Several kinds of acrylic-acid-grafted-starch (starch/AAc) hydrogels were prepared at room temperature (27°C) by applying 5, 10, 15, 20, and 25 kGy of gamma radiation to 15% AAc aqueous solutions containing 5, 7.5, and 15% of starch. With increment of the radiation dose, gel fraction became higher and attained the maximum (96.5%) at 15 kGy, above which the fraction got lowered. On the other hand, the gel fraction monotonically increased with the starch content. Swelling ratios were lower for the starch/AAc hydrogels prepared with higher gamma-ray doses and so with larger starch contents. Significant promotions of the swelling ratios were demonstrated by hydrolysis with NaOH: for 15 kGy radiation-dosed [5% starch/15% AAc] hydrogel, while the maximum swelling ratio was ~200% for those without the treatment. The authors further investigated the availability of the starch/AAc hydrogel as an adsorbent recovering dye waste from the industrial effluents by adopting methylene blue as a model material; the hydrogels showed high dye-capturing coefficients which increase with the starch ratio. The optimum dye adsorption was found to be 576 mg per g of the hydrogel having 7.5 starch and 15% AAc composition. Two kinetic models, (i) pseudo-first-order and (ii) pseudo-second-order kinetic models, were applied to test the experimental data. The latter provided the best correlation of the experimental data compared to the pseudo-first-order model.

1. Introduction

Hydrogels can be defined as hydrophilic polymer networks that can retain a significant amount of water within their structures and can swell without dissolving in water. The hydrogels which can absorb very large amount of water and hold it even under pressure are called superabsorbent hydrogels [1]. So far, two general classes of hydrogel are mentioned in the literature. One is physical gels or pseudo gels and the other is chemical gels. Physical gels are nonpermanent and possible to convert in polymer solution by heating, while chemical gels are permanent and usually composed of covalently bonded cross-linking network. Many applications of hydrogels are already mentioned in the literature. The most successful and promising use is in the field of medicine, pharmacy, and tissue engineering [2, 3]. Due to their high water absorption capacity and biocompatibility properties, they have been used in wound dressing, drug delivery, agriculture, and dye adsorption, as well as a number of commercially available products: contact sanitary pads, transdermal systems, dental materials, implants, injectable polymeric systems, ophthalmic applications, and hybrid-type organs (encapsulated living cells) [47]. Recently, many researchers have focused on modifying hydrogels with a view to enhance their water absorbency, network strength, and absorption rate [8, 9]. Starch, a specimen in the present study, can be a good natural-polymer superabsorbent because of containing a large number of hydrophilic groups (−OH) and having adequate properties for practical use (such as renewable, very cheap, and biodegradable) [10].

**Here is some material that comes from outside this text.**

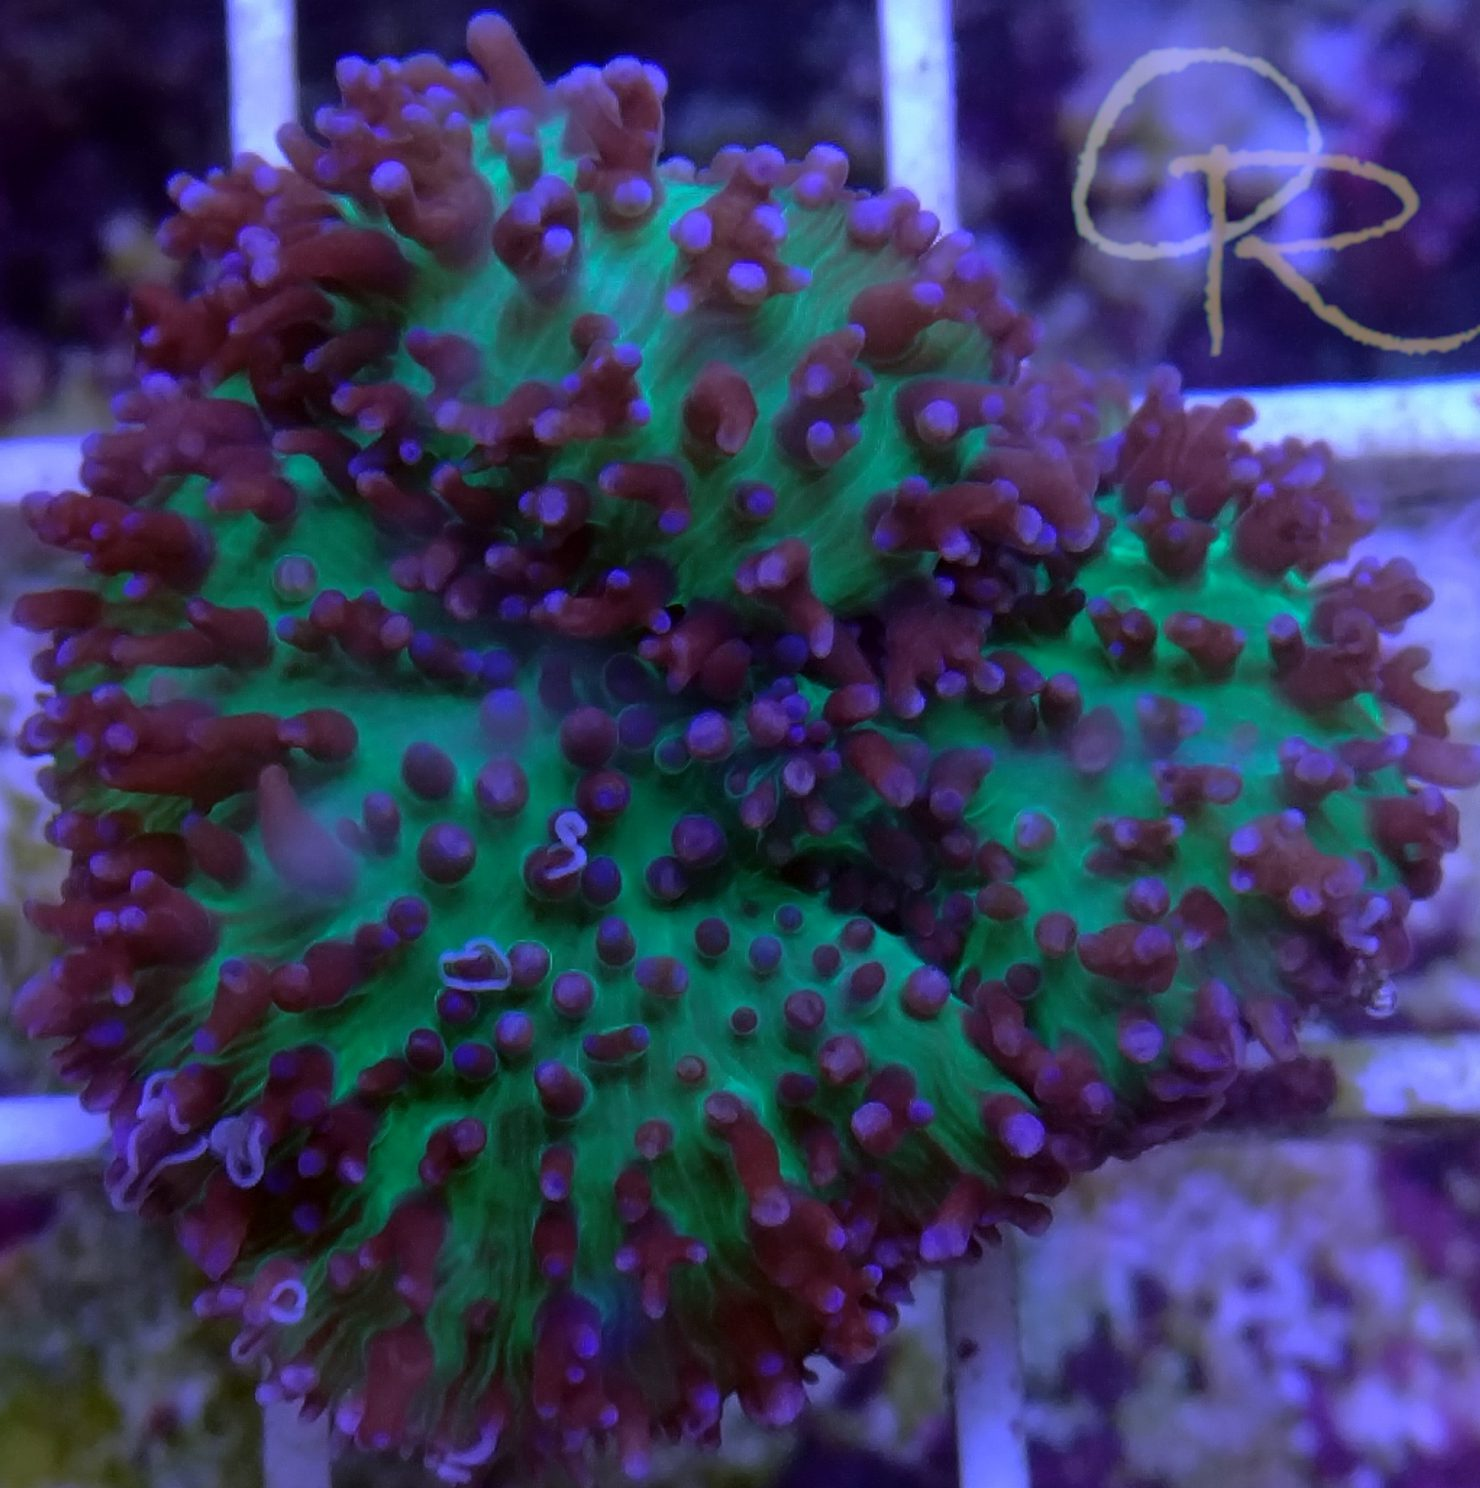 Hairy Green & Purple Mushroom Coral

Radiation-induced processes, in which radiation-energy-absorbed backbone polymer generally initiates a free radical process, have many advantages over other conventional methods [2, 9]. In the radiation synthesis of hydrogel from polymer solution, there is no necessity to add catalysts, initiators, cross-linkers, and so forth which are possibly harmful and difficult to remove. In addition, these processes discharge almost no waste and can be carried out with relatively low costs. Swelling behavior of acrylic-acid-grafted hydrogel can be improved by treatment with alkaline solution [11]. By these reasons, the authors adopted an irradiation synthesis method for synthesizing hydrogels in the present study. So far, the radiation grafting of acrylamide, acrylonitrile, methacrylonitrile, alkyl methacrylate, and vinyl ketones 2-dimethylaminoethylmethacrylate onto starch was investigated intensively [12]; however, there are almost no investigations on starch’s property change by the grafting of acrylic acid (AAc) by low-dose gamma radiation.

Water pollution is a serious problem nowadays. Different bioadsorbents are being used to remove the water soluble dyes from water [13]. Hydrogel is one of the best candidates for removing soluble dyes from water.

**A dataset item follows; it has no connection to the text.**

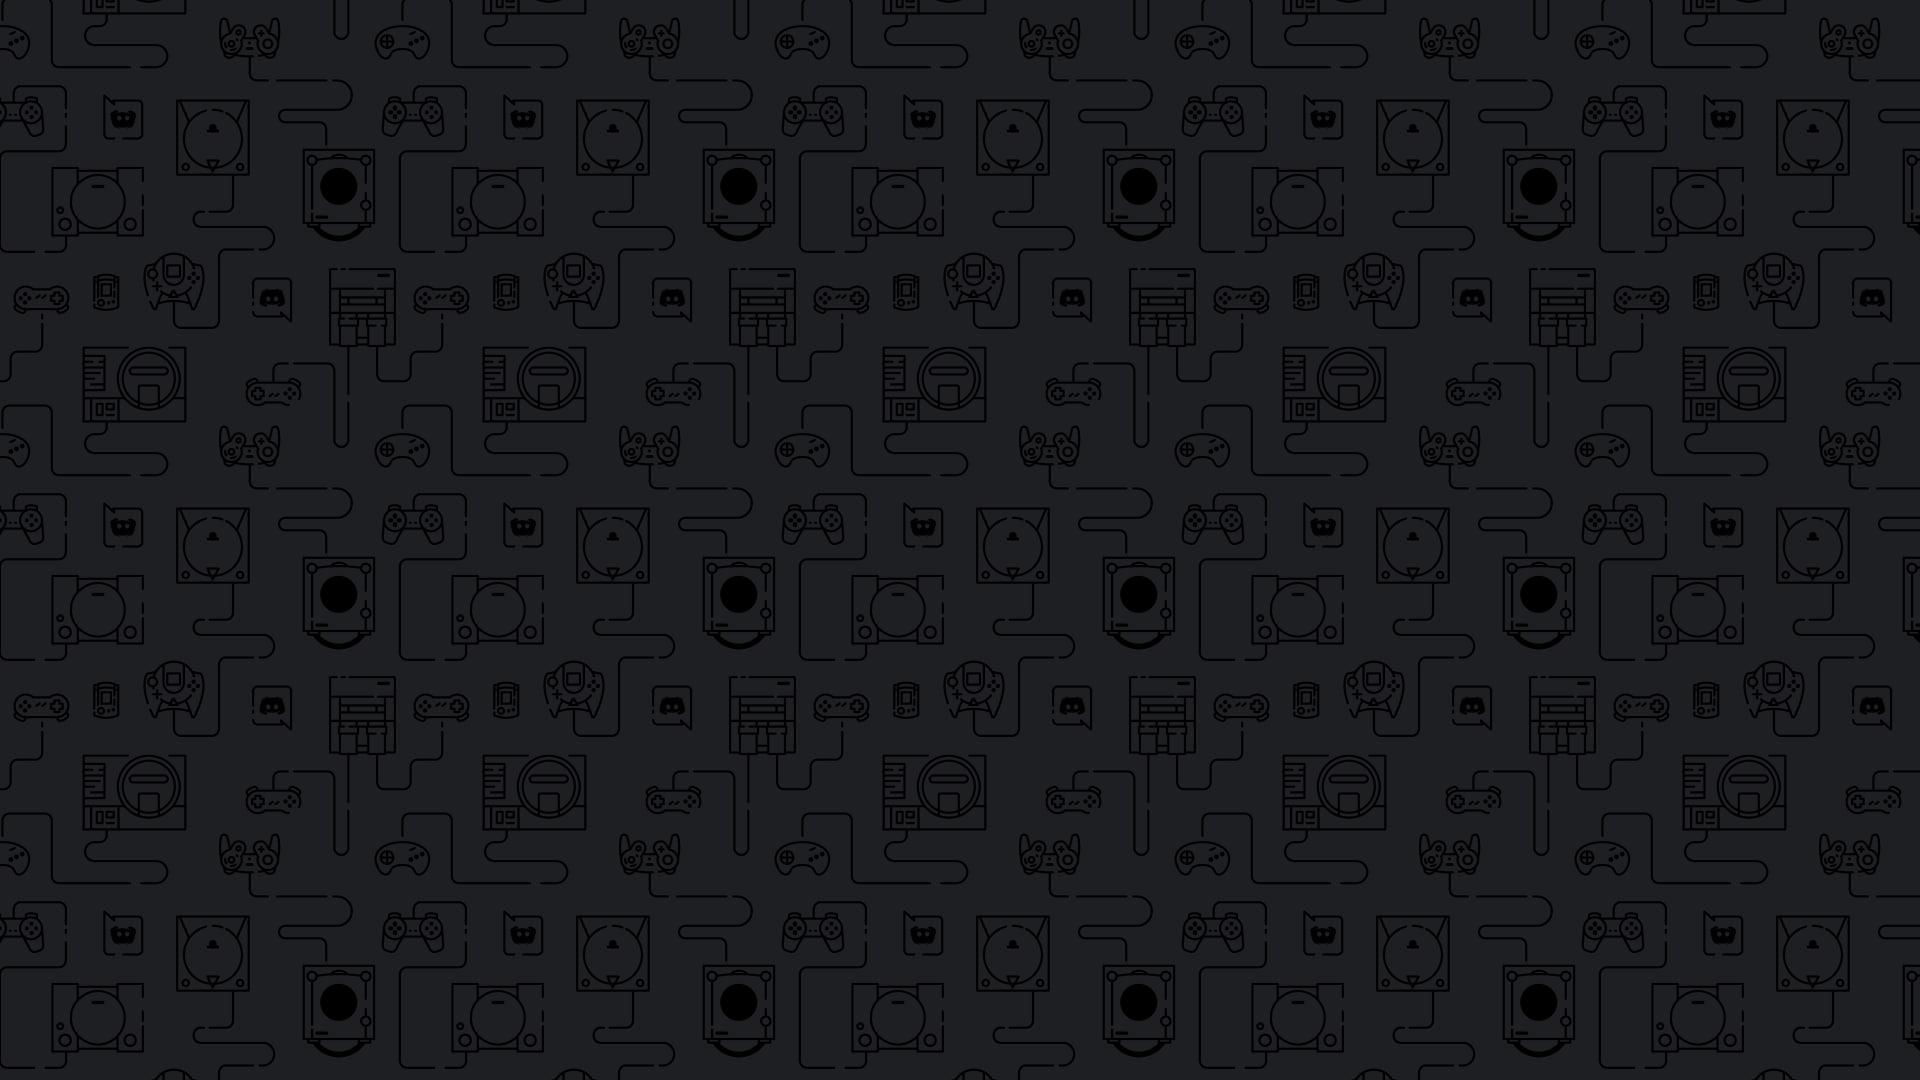 53 discord wallpaper on wallpapersafari 53 discord wallpaper on wallpapersafari

In the first part of the present study, the authors investigated how the gel fraction is influenced by the gamma-radiation dose and starch concentration in the preparation process of AAc-grafted starch (starch/AAc) hydrogels initiated by applying low-dose gamma radiation. Secondly, the swelling properties of the starch/AAc hydrogels were examined including the effect of the hydrolysis with sodium hydroxide (NaOH). Thirdly, the authors also investigated the methylene blue (MB) adsorption efficiency of NaOH-treated starch/AAc hydrogel in order to explore the possibility of the hydrogels’ application for removing dyes from aqueous solution. The pseudo-first-order and pseudo-second-order models are used to correlate the adsorption kinetics data of MB onto synthesized hydrogels.

MB is a cationic dye and is most commonly used for coloring paper, dyeing cottons, wools, and so forth. In addition, this dye is generally used to test the adsorption capacity of various adsorbents, which permits quantitative comparisons between the adsorption capacities of various adsorbents [14]. Other than these, adsorption of MB is still important from an environmental point of view because acute exposure to MB will cause increased heart rate, vomiting, shock, Heinz body formation, cyanosis, jaundice, quadriplegia, and tissue necrosis in human.

2. Experimental

2.1. Materials

Potato starch was obtained from Sigma Aldrich and methylene blue (MB, C.I. number 52015) and acrylic acid were obtained from Merk. Chemical formula of methylene blue is C16H18ClN3S (molecular weight: 319.85, : 663 nm). Distilled water was used as a solvent.

2.2. Preparation of Starch/AAc Hydrogel

An aqueous solution of potato starch was prepared by dissolving it in the distilled water in a three-neck flask under vigorous stirring at 200 rpm and with heating at 80°C for 30 minutes. After the dissolution, the starch solution was left at room temperature for a while for cooling. Then, AAc was added to the cooled solution with stirring. The composition of three starch/AAc solutions wasAfter becoming homogeneous, the starch/AAc solution was taken in several test tubes, which were sealed and allowed to be irradiated with 5, 10, 15, 20, and 25 kGy of gamma-ray-radiation dose at 6.8 kGy/h of radiation-dose rate. Finally, after being cut into small pieces, the starch/AAc hydrogels were dried in the air and then in an oven until becoming of constant weights.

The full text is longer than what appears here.